Thursday, September 10, 2009

The Global Food Chain

The Nation has a new issue on the politics of food, including this challenging review by Brent Cunningham of two books about food aid and famine in Africa. Cunningham argues that the "good food revolutionaries" (Pollan, Schlosser, Alice Waters, etc.) need to think hard about what it will take to confront Big Ag, whose fortunes are built on arguments about the need to feed the world. Even apart from what cheap calories have done to the American diet, the books document the way food aid subverts agricultural markets in Africa, and so undermines the continent's ability to feed itself.  During the Ethiopian famine of 2003, millions of tons of locally grown grain--unsellable during previous years bumper harvests--rotted in warehouses even as millions of tons of American surplus was flown in.  Why? Because, by law, US food aid cannot be in the form of cash, only commodities.

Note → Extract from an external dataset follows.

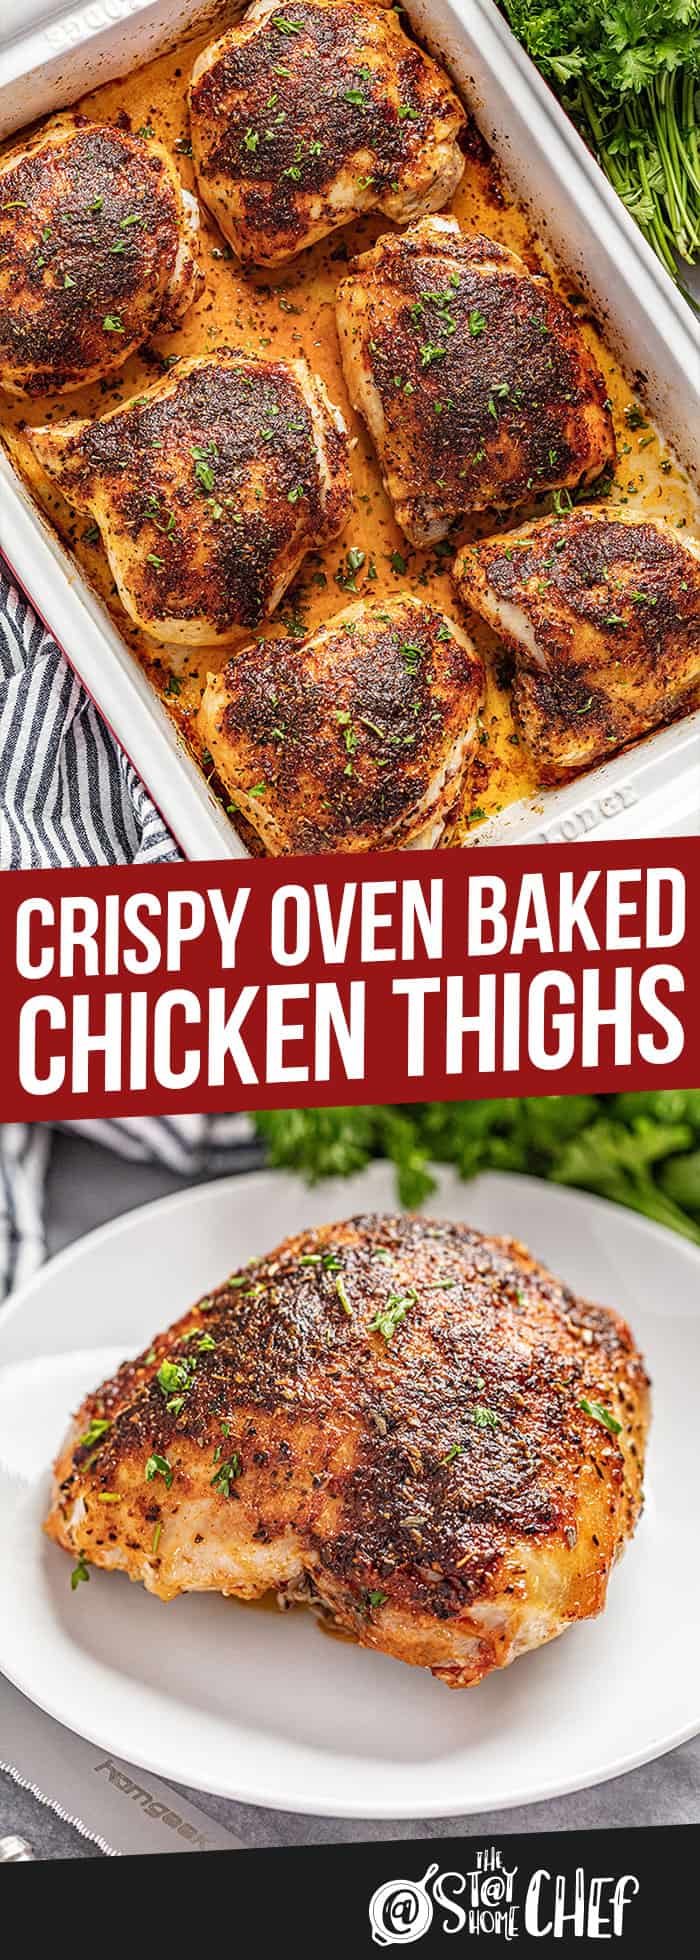 Crispy Oven Baked Chicken Thighs

This requirement, Cunningham argues, speaks volumes about the entrenched power of Big Ag, and the challenge that the local food movement faces.  Another eye-opening moment: why it's so hard to undo government subsidies:

The legislation behind farm subsidies had been structured to make it unusually hard to undo. Unlike many laws, which automatically expire on a predetermined date, the laws underlying subsidies weren't programmed to end. Instead, if Congress didn't craft and enact a new farm bill every five years or so, the law reverted back to the Agricultural Adjustment Act of 1938 and the Agriculture Act of 1949, which contained even sweeter payments to some farmers.
The point is that global agricultural markets go back to the 1950's, and have structured farm policy in the US for half a century.  Developing more sustainable growing, buying and eating habits will be the work of decades, even if we take seriously Michael Pollan's recent argument that taking on Big Ag is a public health issue: so much of rising health care costs are attributable to chronic conditions (like diabetes) rooted in obesity.